Restate all the data word for word and omit the pictures.

- INFORMATION PROVIDED
☆ ☆ ☆ ☆ ☆ ☆ ☆

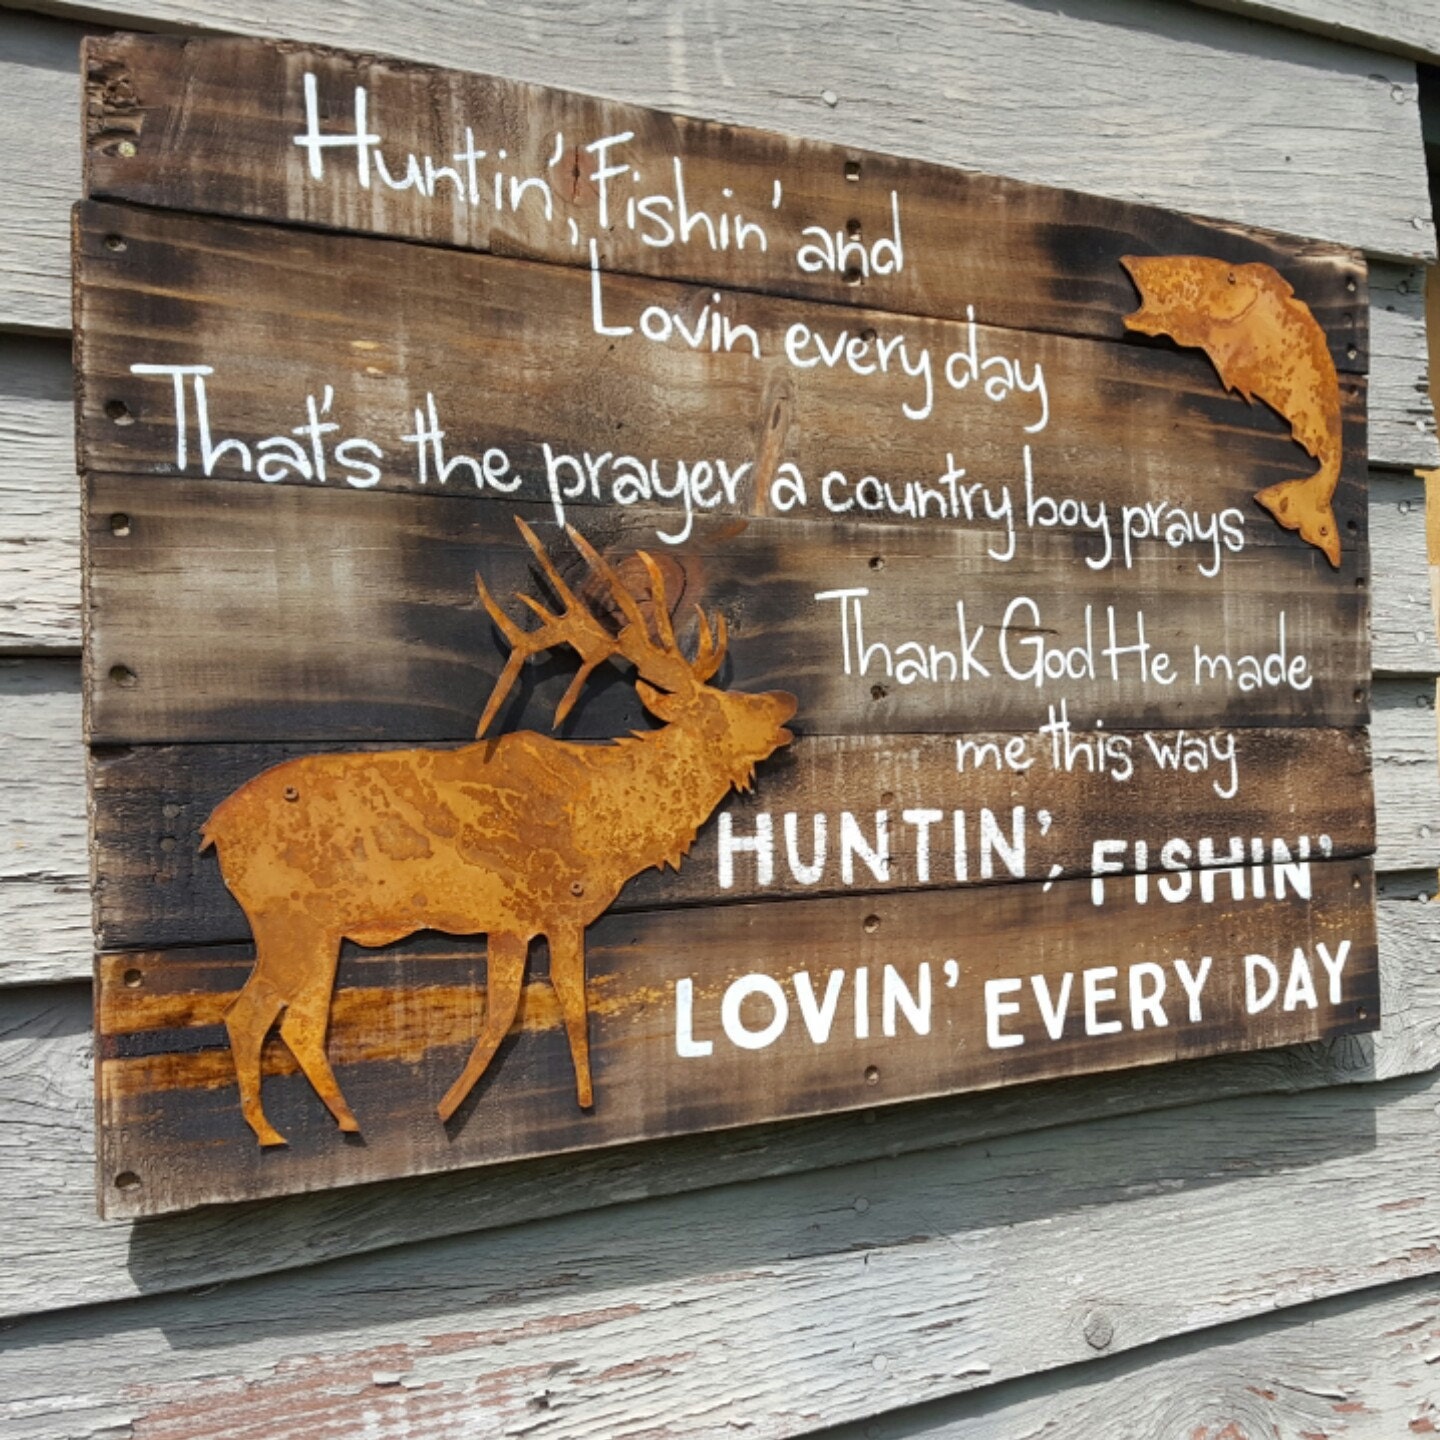 Huntin' Fishin' Lovin' every day Rustic Wood Sign by ...
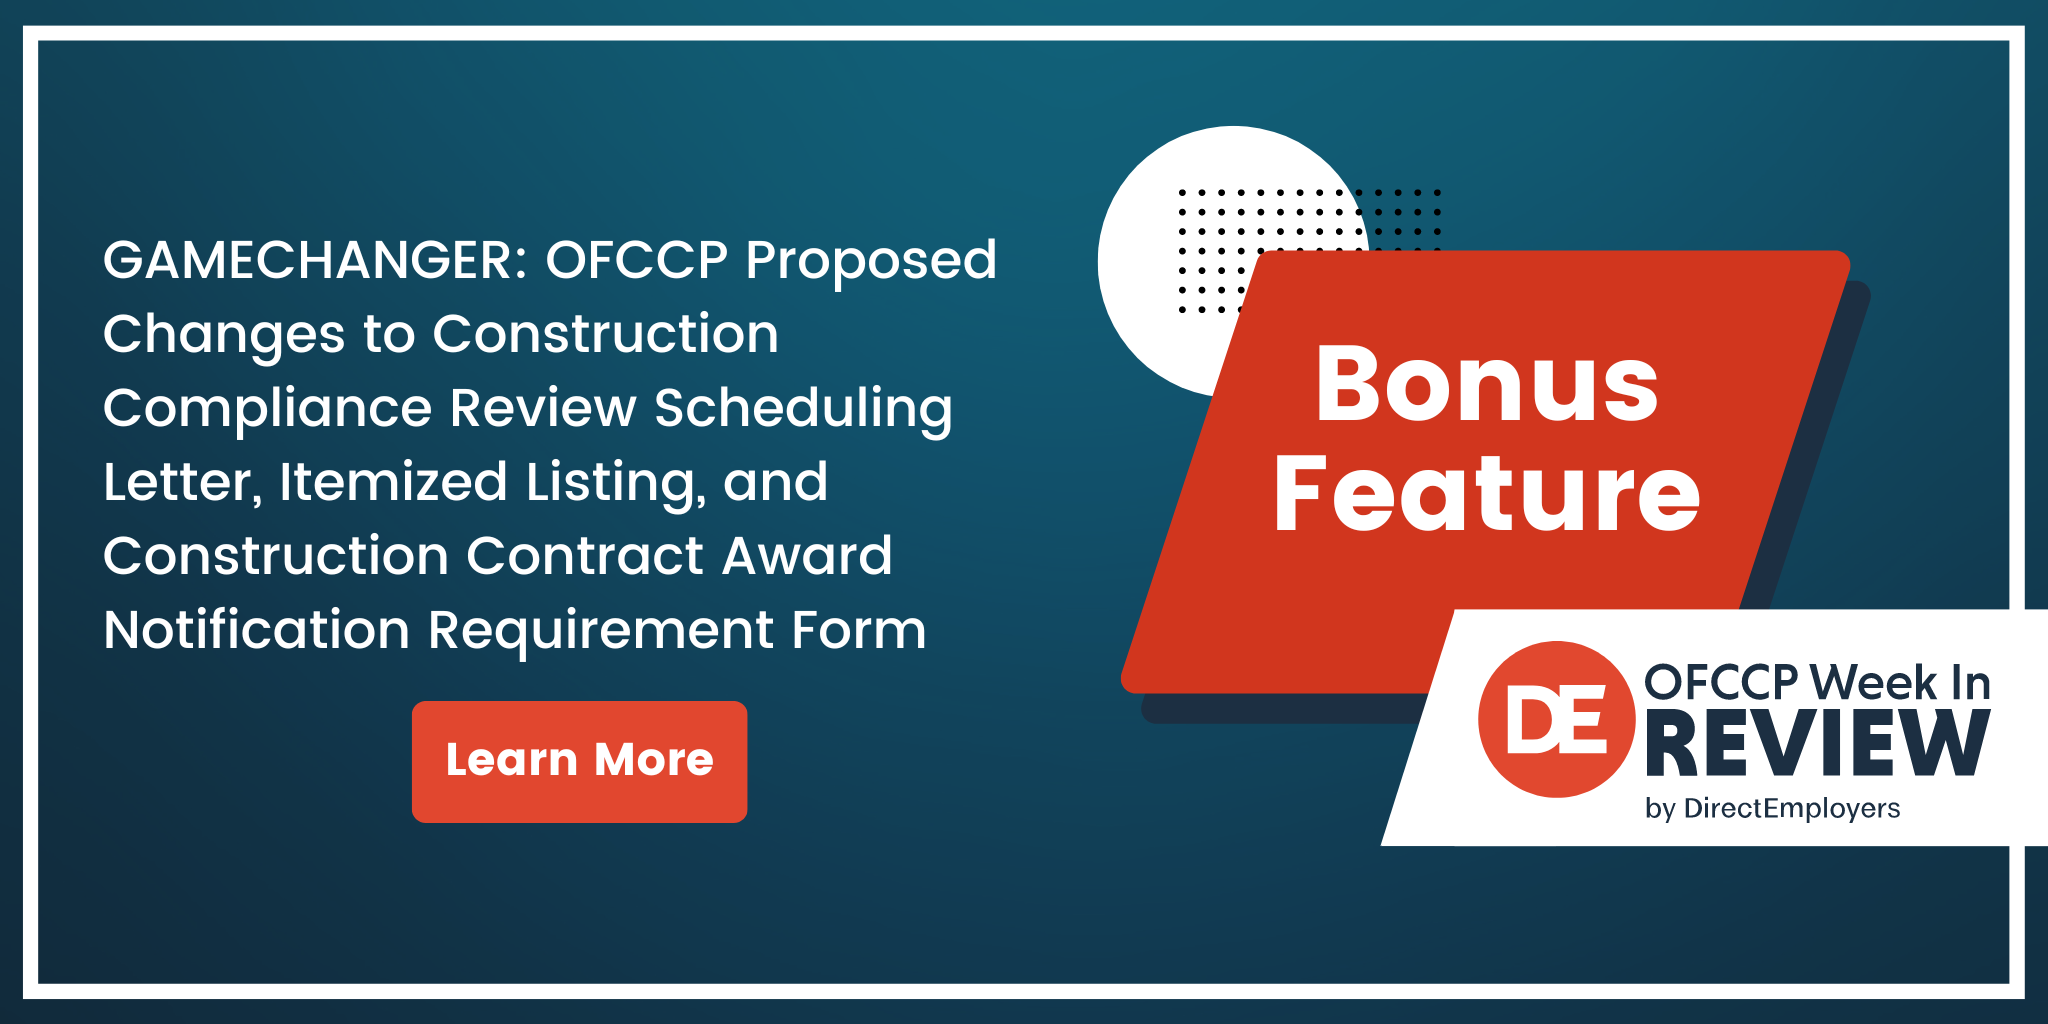 OFCCP Week In Review Bonus Feature | GAMECHANGER: OFCCP Proposed Changes to Construction Compliance Review Scheduling Letter, Itemized Listing, and Construction Contract Award Notification Requirement Form
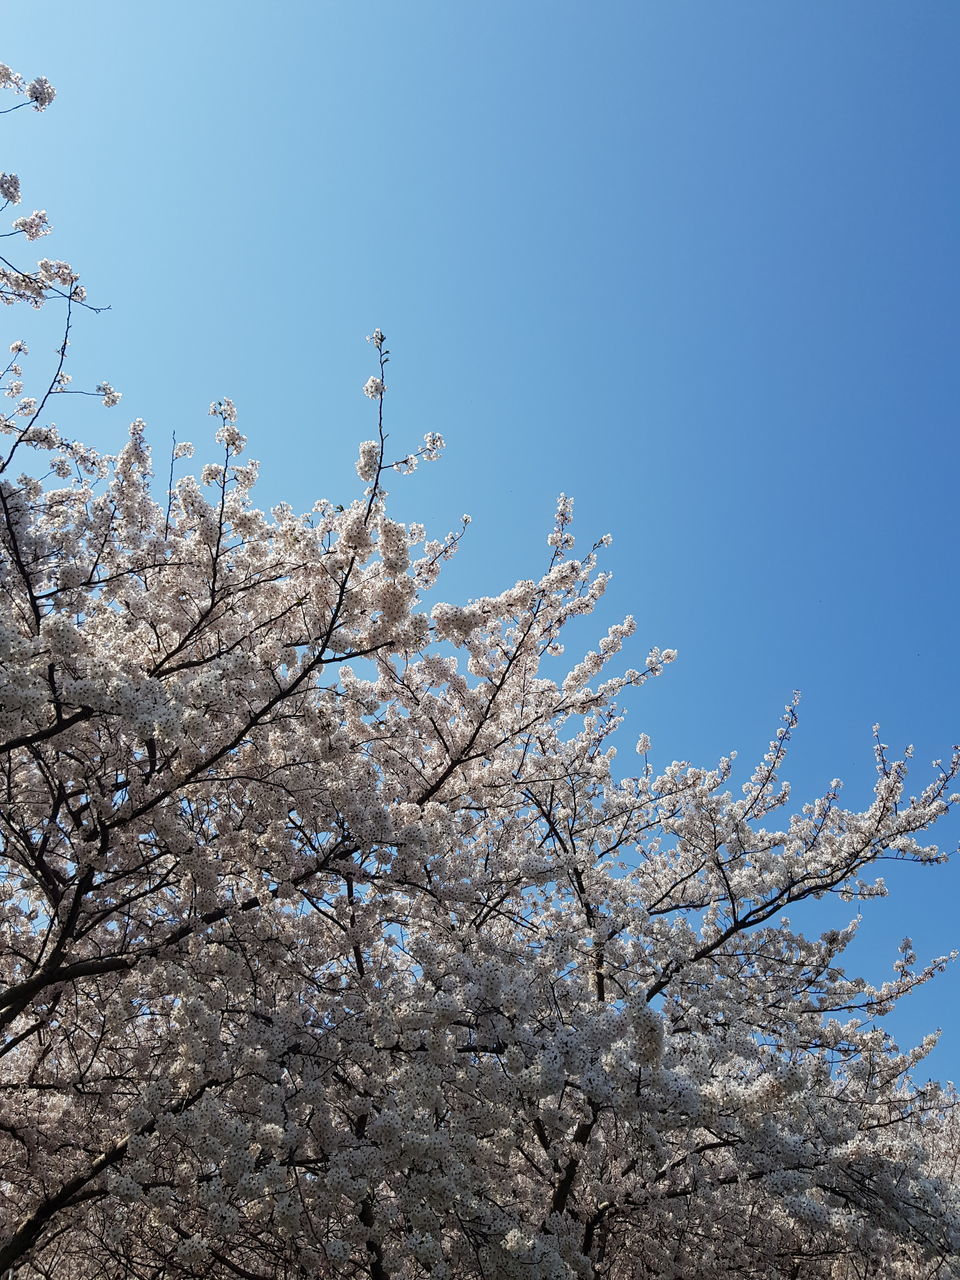 LOW ANGLE VIEW OF CHERRY BLOSSOM AGAINST CLEAR BLUE SKY
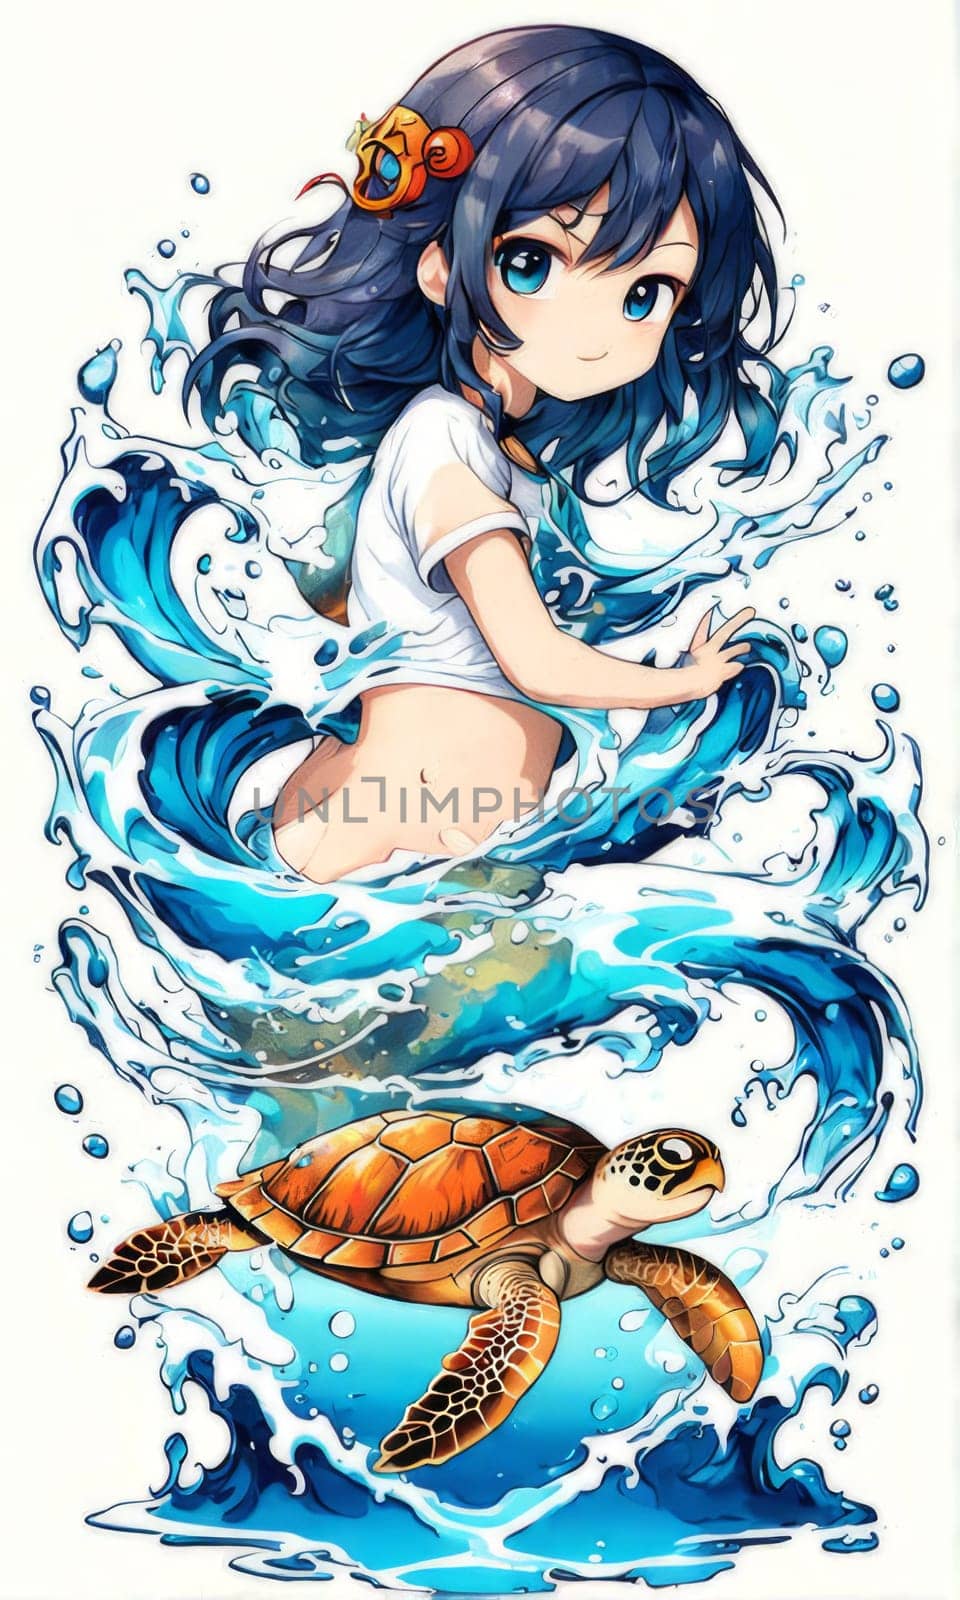 Lively and colorful cartoon girl with turtle. Irls expression exudes joy, vibrancy, suggesting carefree, whimsical atmosphere. For educational materials for kids, tourism, stationery, Tshirt design. by Angelsmoon

☆ ☆ ☆ ☆ ☆ ☆ ☆

- OUTPUT OF THE EXERCISE
 Huntin' Fishin' Lovin' every day Rustic Wood Sign by ...
 OFCCP Week In Review Bonus Feature | GAMECHANGER: OFCCP Proposed Changes to Construction Compliance Review Scheduling Letter, Itemized Listing, and Construction Contract Award Notification Requirement Form
 LOW ANGLE VIEW OF CHERRY BLOSSOM AGAINST CLEAR BLUE SKY
 Lively and colorful cartoon girl with turtle. Irls expression exudes joy, vibrancy, suggesting carefree, whimsical atmosphere. For educational materials for kids, tourism, stationery, Tshirt design. by Angelsmoon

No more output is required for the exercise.